Every Cinder recovery starts with the truth of the current state:

openstack volume show <volume-uuid> -f value -c status -c attachments
cinder list --all-projects | grep -iE 'error|attaching|detaching|creating'

Cinder’s status field is a state machine, and the stuck states tell you exactly what was happening when it failed:

attaching / detaching — a connection operation hung partway.
error_deleting — backend rejected the delete or the volume is still referenced.
creating — backend provisioning never completed.
in-use with no live attachment — a phantom attachment, the most common database/backend mismatch.

Step 1: Read the volume’s host and the right log

A volume is owned by a specific cinder-volume host. Find it:

cinder show <volume-uuid> | grep os-vol-host-attr

Then read that host’s log, grepping by UUID:

grep <volume-uuid> /var/log/cinder/cinder-volume.log
journalctl -u cinder-volume --since "1 hour ago" | grep <volume-uuid>

The driver layer is where the real error hides — an LVM command that failed, a Ceph rbd permission error, a backend that returned an iSCSI target the host couldn’t reach.

Step 2: Distinguish control-plane stuck from data-plane stuck

If the API accepted the request but it never completed, you have two possibilities, and they recover differently.

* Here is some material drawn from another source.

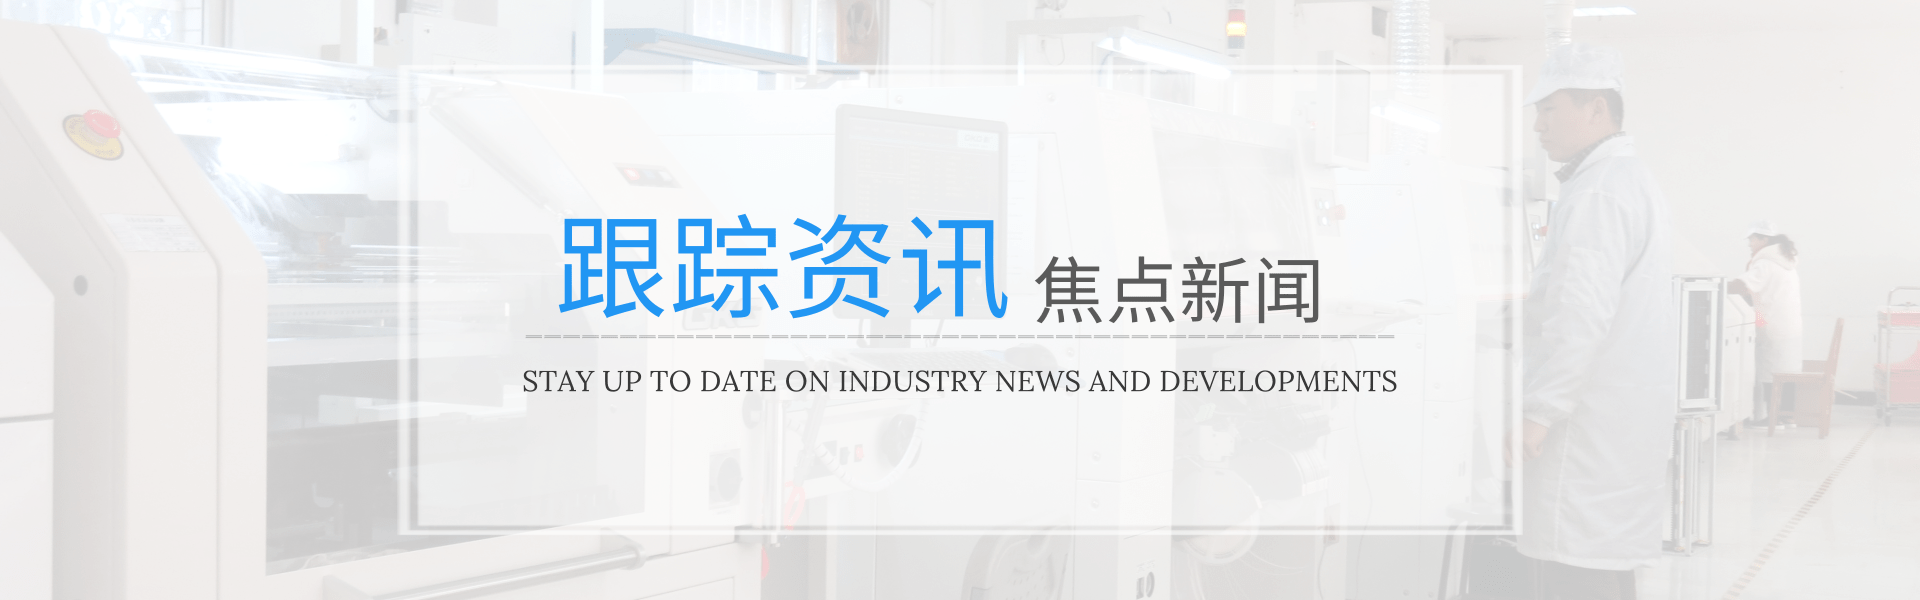 2022年我国点胶机设备市场发展预估分析-深圳市润之鑫科技有限公司

Control-plane stuck — a cinder-volume or cinder-scheduler service died mid-operation. Check:

openstack volume service list

A down cinder-volume host leaves every in-flight operation hung. Restart the service and many volumes self-heal as the periodic task reconciles.

Data-plane stuck — the backend itself failed. For LVM, check the volume group; for Ceph, check the pool; for iSCSI, check the session:

vgs && lvs                              # LVM backend
rbd -p volumes ls | grep <uuid>         # Ceph backend
iscsiadm -m session                     # iSCSI connections

Step 3: Recover stuck states with reset-state — carefully

The hammer is cinder reset-state. It rewrites the database status field without touching the backend. That makes it powerful and dangerous: you are lying to Cinder about reality, so you must first confirm reality.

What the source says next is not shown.